From humble beginnings, entrepreneur Chris Dawson has grown his cut-price homewares business into a 134-store empire.
The son of a Royal Navy sailor, Dawson left school without any qualifications and became a market trader. He was dubbed “Plymouth’s deluxe Del Boy”.
The embodiment of the term ‘self-made’, Dawson reached 77th place in The Sunday Times’ Rich List in 2013, just 14 years after he opened The Range, which made £674m in sales last year and generated pre-tax profits of £57m.
Retail Week’s Rich List 2016 estimated Dawson was worth £1.75bn.
As Dawson kick-starts The Range’s next chapter with the proposed development of a larger, custom-built headquarters, Retail Week uncovers some fascinating facts about the business.
It wasn’t always called The Range
“The company’s debut store, which opened in 1989 on Billacombe Road, Plymouth, was named CDS – Chris Dawson Superstores – after its founder”
The company’s debut store, which opened in 1989 on Billacombe Road, Plymouth, was named CDS – Chris Dawson Superstores – after its founder.
Albeit under a new banner, The Range still trades from its inaugural store in the Plymouth town near to where Dawson was born and raised.
Twenty-eight years later, the retailer – now a national player with 134 stores – has plans for another superstore and headquarters in its hometown.
From day one, the retailer says its ethos has been to bring customers “great-quality products at the most competitive prices, drawing together everything you need for a beautiful home”.
Each store stocks around 65,000 products across 16 categories from homewares and furniture to DIY and art supplies.

The Range is targeting 600 stores
Despite having grown rapidly to 134 units, the retailer is targeting a footprint of some 600 stores.
It has three shops opening this month on Good Friday, in Cannock, the Isle of Wight and Penzance.
But it’s also moving to diversify its portfolio, branching out from its typical retail park sites and opening a spattering of stores in shopping centres and on high streets.
Earlier this year, it agreed a 10-year lease on a 46,000 sq ft former BHS site at the Kingfisher Centre on Redditch high street, due to open this Easter, and opened at another former BHS shop in Surrey Quays, London earlier this year.
It also opened a city centre shop in Tunbridge Wells at the end of last year, and a 50,000 sq ft store inside a shopping centre in Runcorn.
Dawson apparently still visits all the stores four times a year, travelling by helicopter, and has been known to amuse his staff with dirty jokes.
It buys stock from bust businesses
Dawson likes to snap up a bargain and has benefited from buying stock on the cheap from collapsed businesses such as MFI, Woolworths and Empire Stores.
“The Range boss jokingly asked the audience of Retail Week Conference in 2010 whether anyone was on the brink of collapse. ‘You are not going to tell me.
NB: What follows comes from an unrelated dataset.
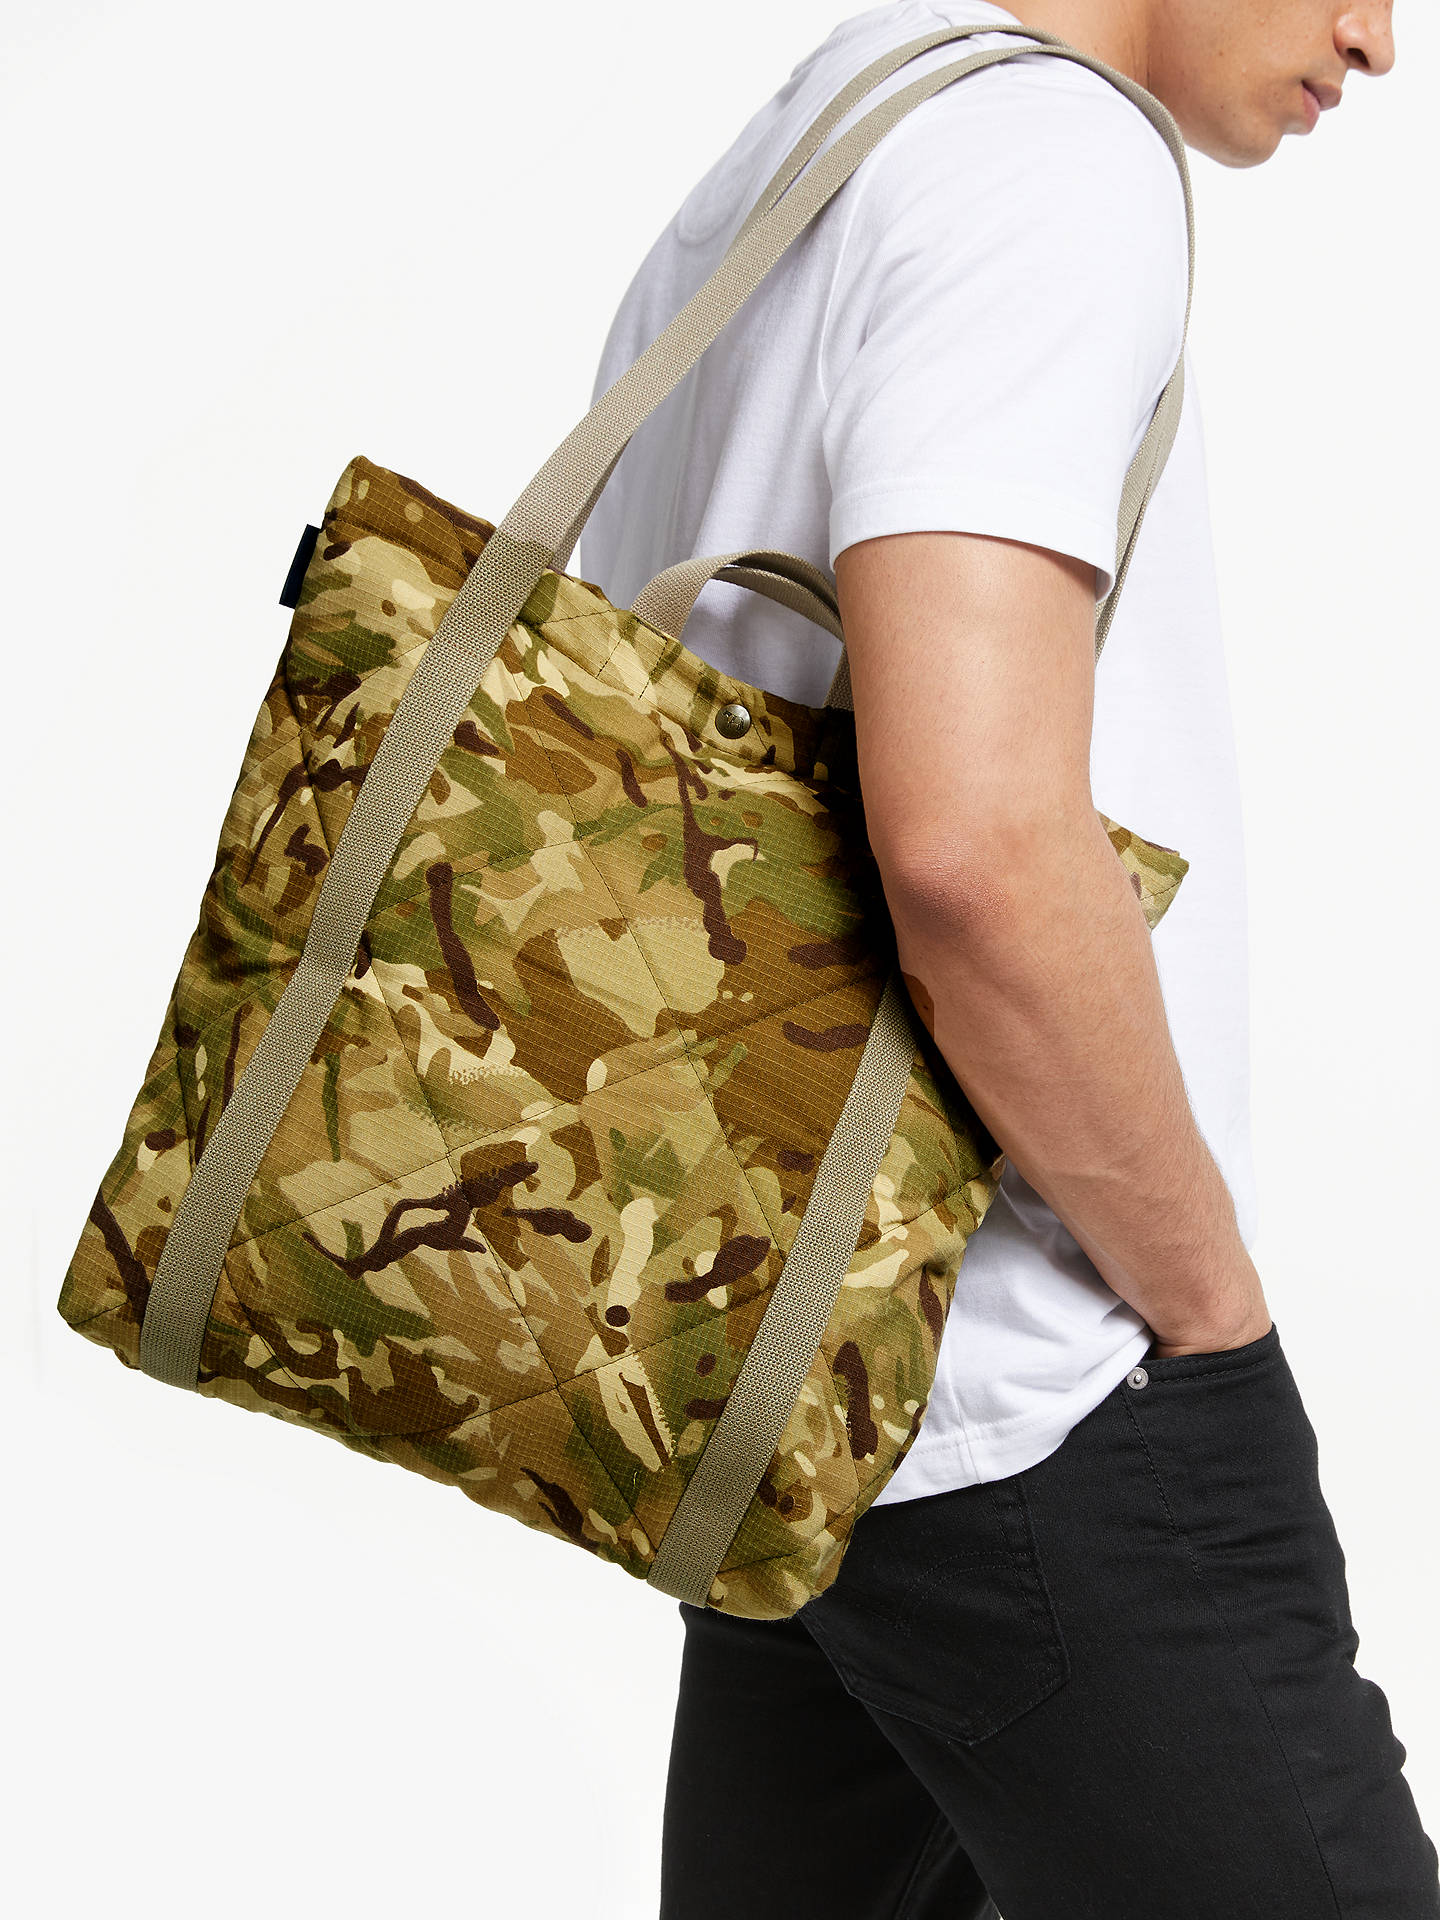 premium urval stor rabatt nytt koncept Fred Perry Lavenham Hintlesham Tote Bag, Camo at John Lewis & Partners

I’m the grim reaper,’ he said”
He has boasted that he bought MFI’s stock for less than £3m. The market value of the stock was said to be £68m.
The Range boss jokingly asked the audience of Retail Week Conference in 2010 whether anyone was on the brink of collapse. “You are not going to tell me. I’m the grim reaper,” he said.
The Range is not alone in strategically sourcing from businesses in distress. TJ Morris, owner of Home Bargains, also specialises in buying clearance lines, close-out and distressed products.
Dawson harbours international ambitions
Last year it emerged that Dawson had long harboured ambitions to expand into Europe and was mulling a move into Germany.
“We are intensely looking at Europe and we’ll take the fight to Germany,” the tycoon told The Telegraph.
“We won’t be saying ‘I’m Chris Dawson, have a bit of that’. No, we’re looking at who’s doing it best and who we can beat.”
Dawson added that his European roll-out plans would “swerve the troublesome countries, France being one of them”.
The Range currently delivers to 10 countries, including Germany, France, Italy and Switzerland, and opened its first store in the Republic of Ireland last August.
It is building one of the country’s largest warehouses
Dawson closed a deal to build a 1.2m sq ft distribution centre – while sipping cocktails on his favourite beach in Barbados.
The warehouse, currently under construction in Bristol, is set to be one of the largest in the country – the equivalent of 15 Wembley stadiums – and will create over 1,000 jobs.
At the time of the deal, Dawson said: “I did this deal on my favourite beach in Barbados, the same place I was when I bought all of the MFI stock years back.
“I think the piña coladas at the hotel have something special in them as I always do some of my best negotiating after a couple.”
An investment of more than £100m has been ploughed into the warehouse, which will support The Range’s multichannel operations and its European expansion plans.